The answer must be only the lines below from the one holding "Voet- en fietsveer" down to the one holding "Motgiftet naloxon i", ends included, printed exactly; please omit all pictures.

[Data extracts — start]

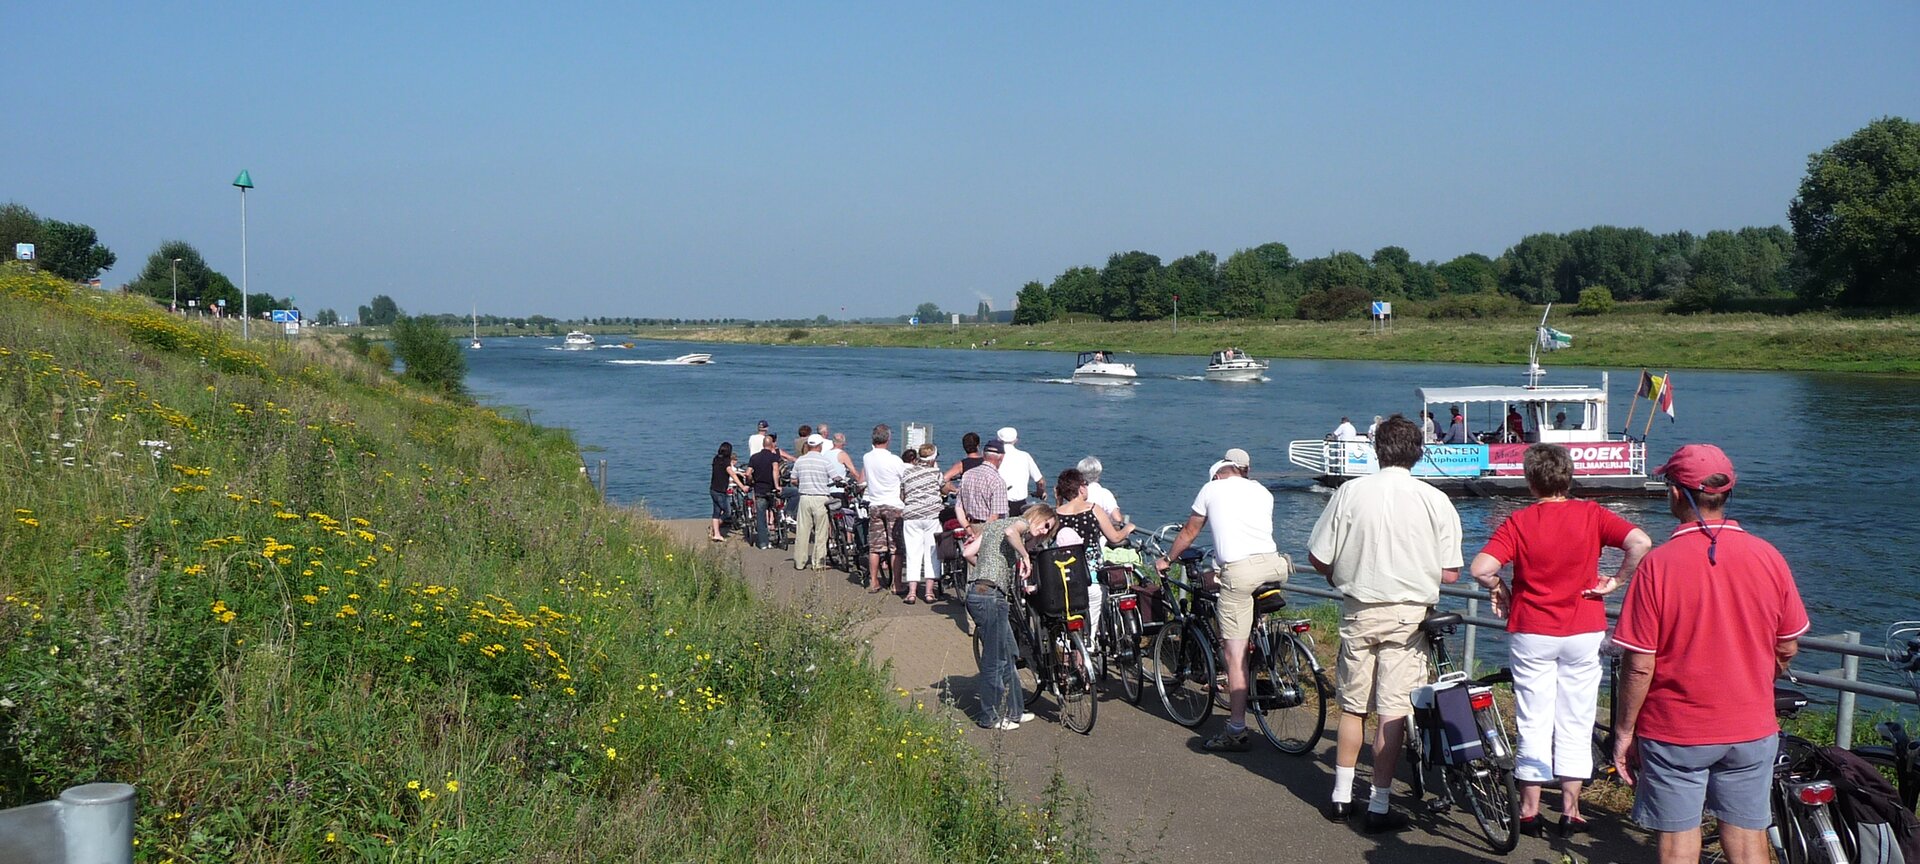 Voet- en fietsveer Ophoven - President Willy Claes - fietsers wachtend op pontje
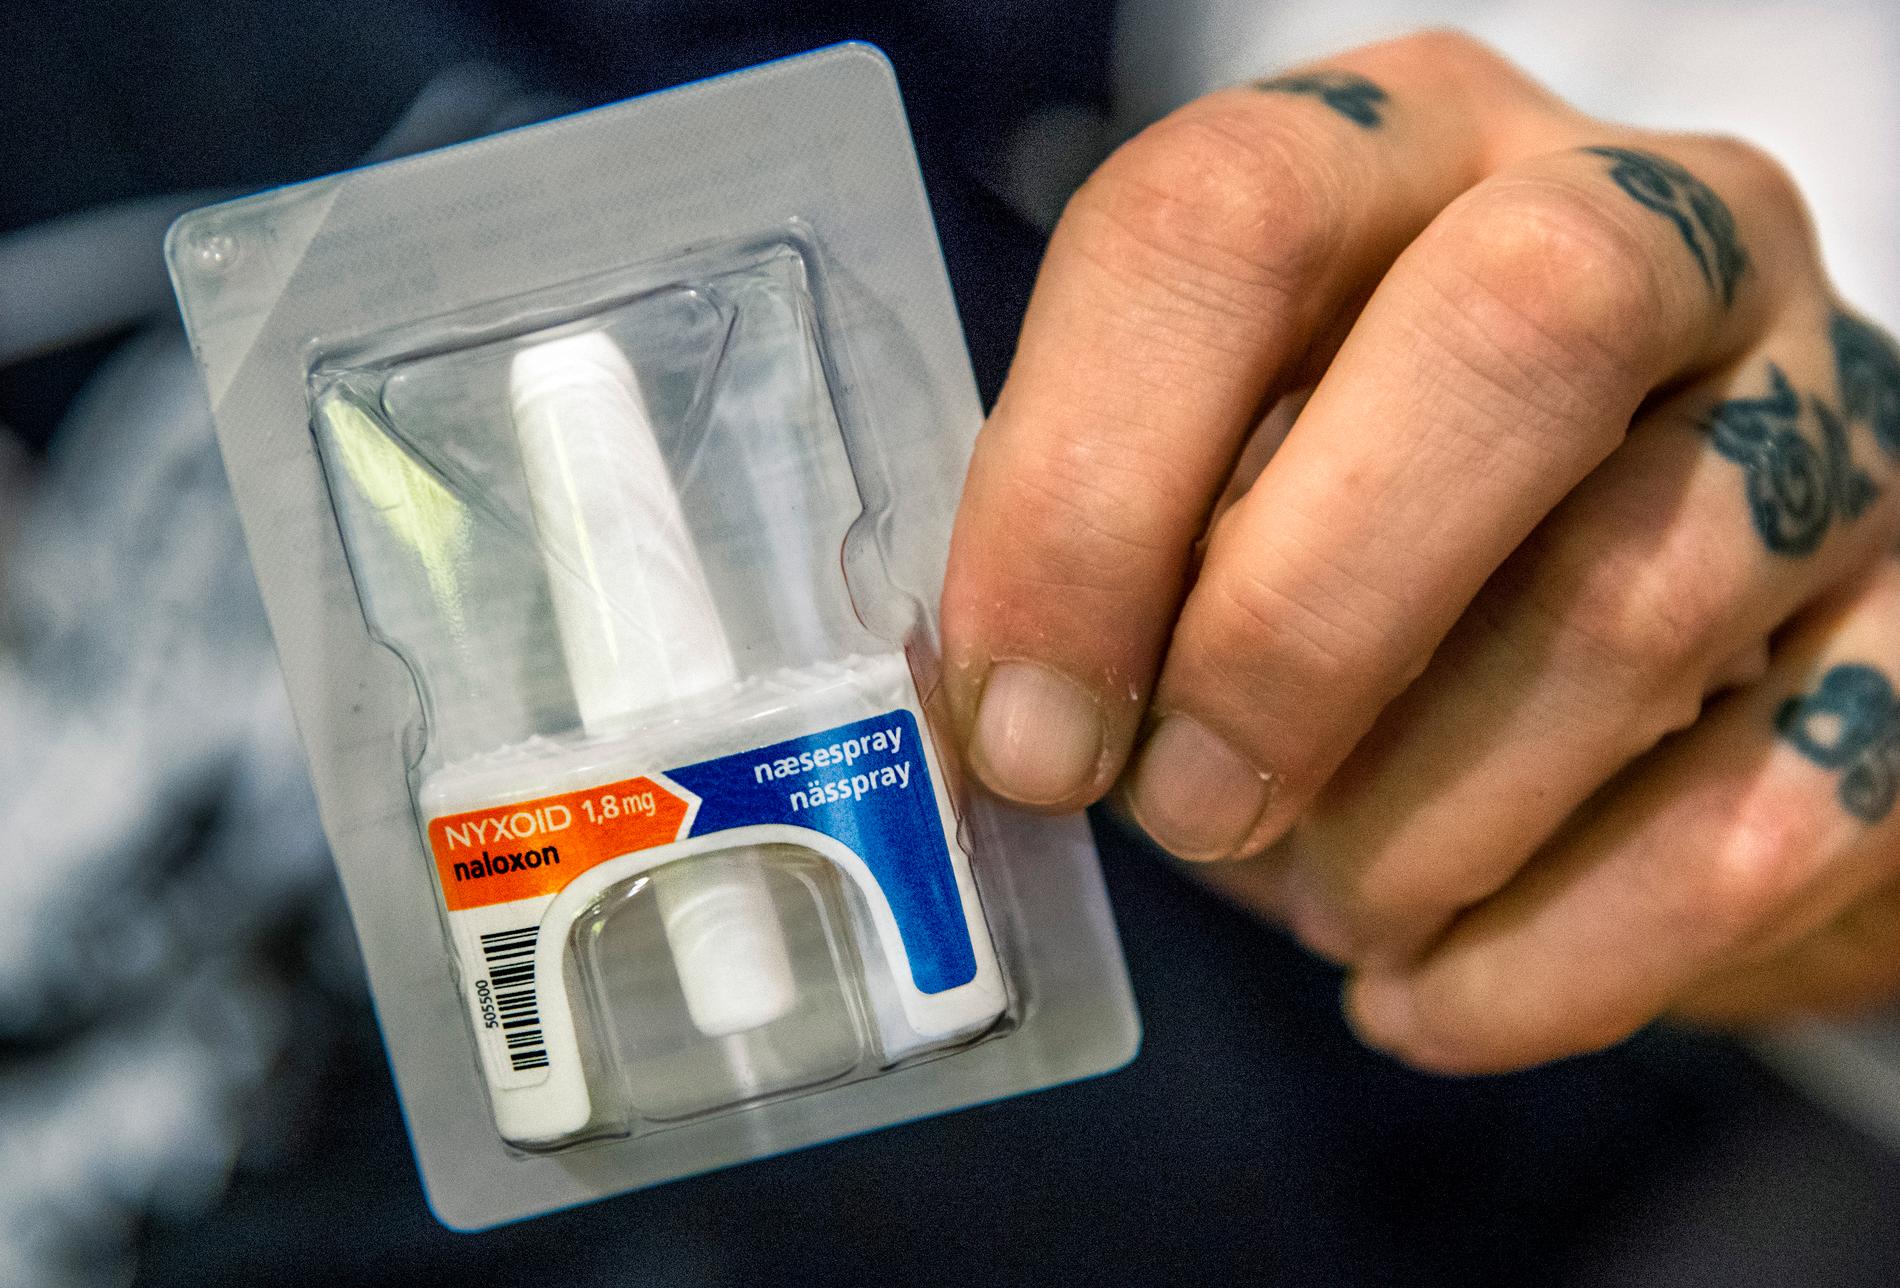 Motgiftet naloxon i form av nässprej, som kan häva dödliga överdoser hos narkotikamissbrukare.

[Data extracts — finish]
[Data extracts — start]

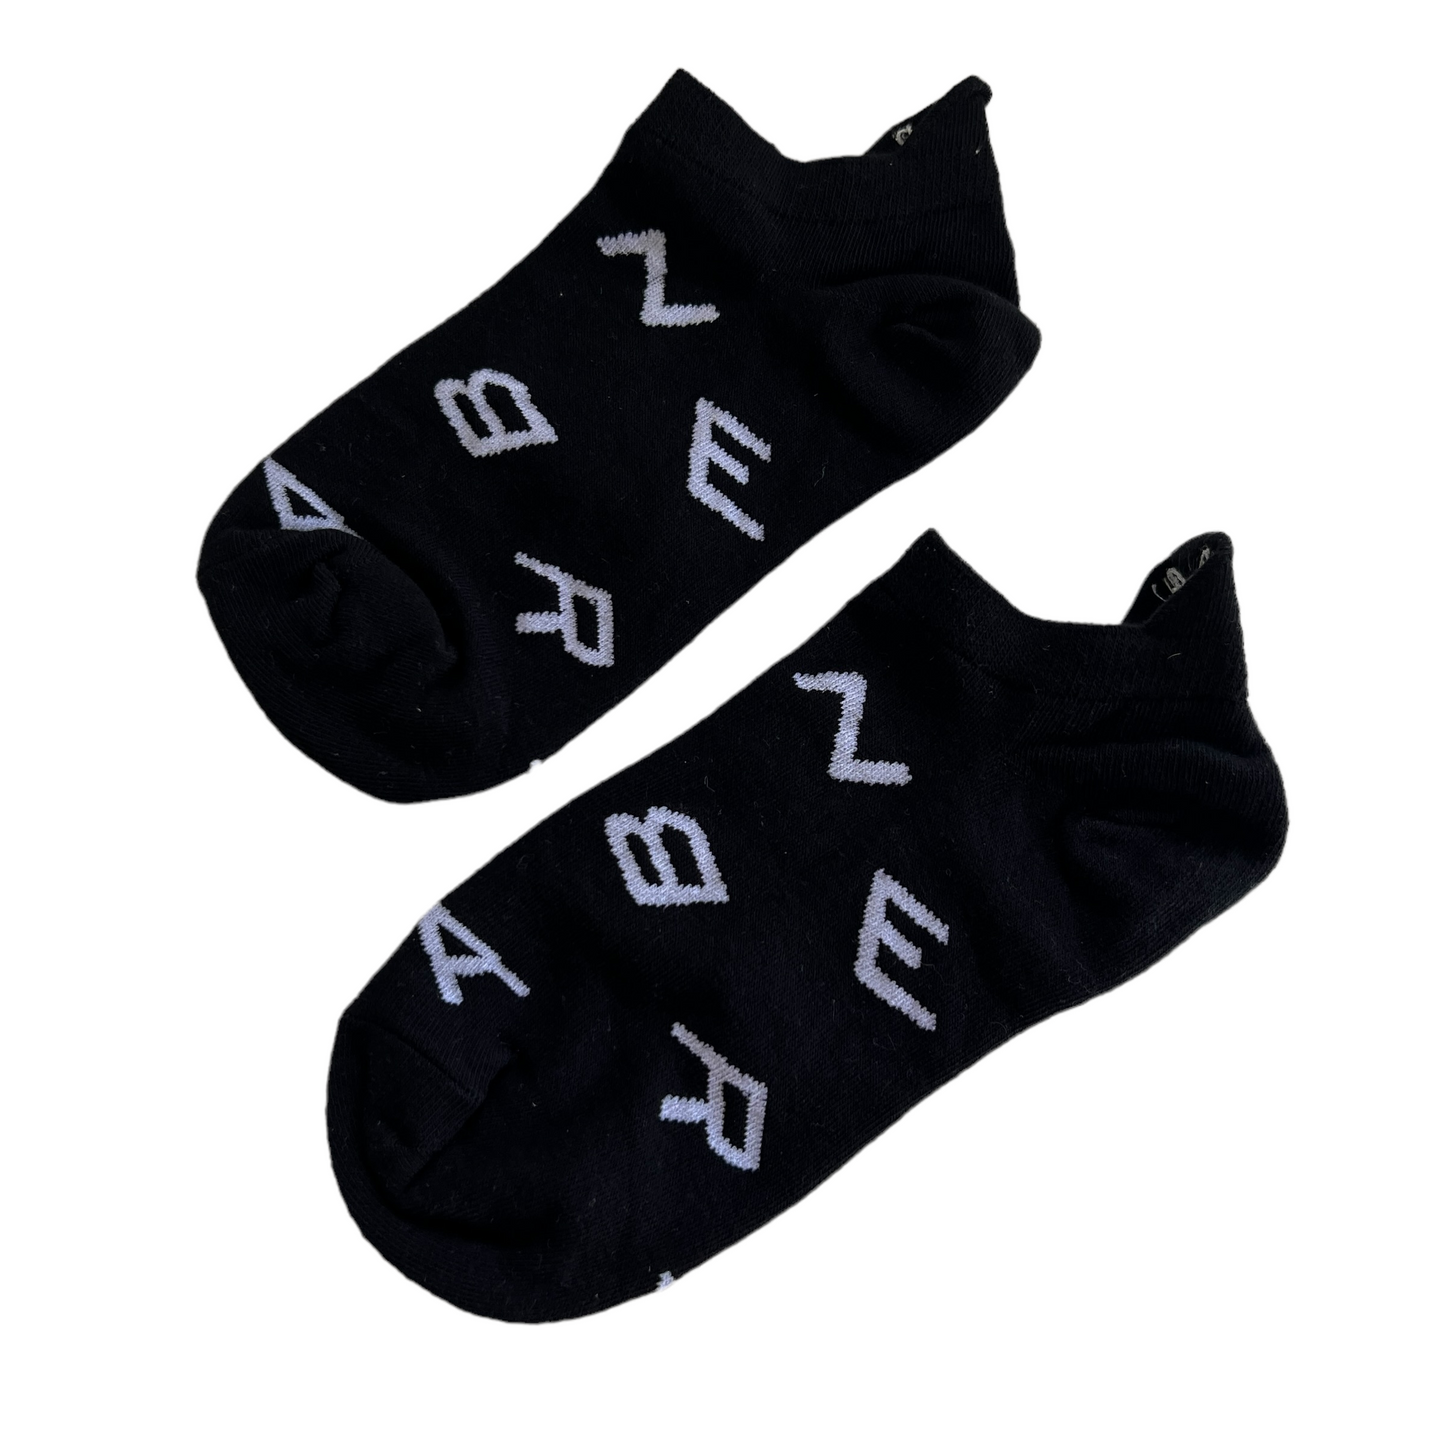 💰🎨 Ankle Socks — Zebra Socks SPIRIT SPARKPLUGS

[Data extracts — finish]

● **Output below**
 Voet- en fietsveer Ophoven - President Willy Claes - fietsers wachtend op pontje
 Motgiftet naloxon i form av nässprej, som kan häva dödliga överdoser hos narkotikamissbrukare.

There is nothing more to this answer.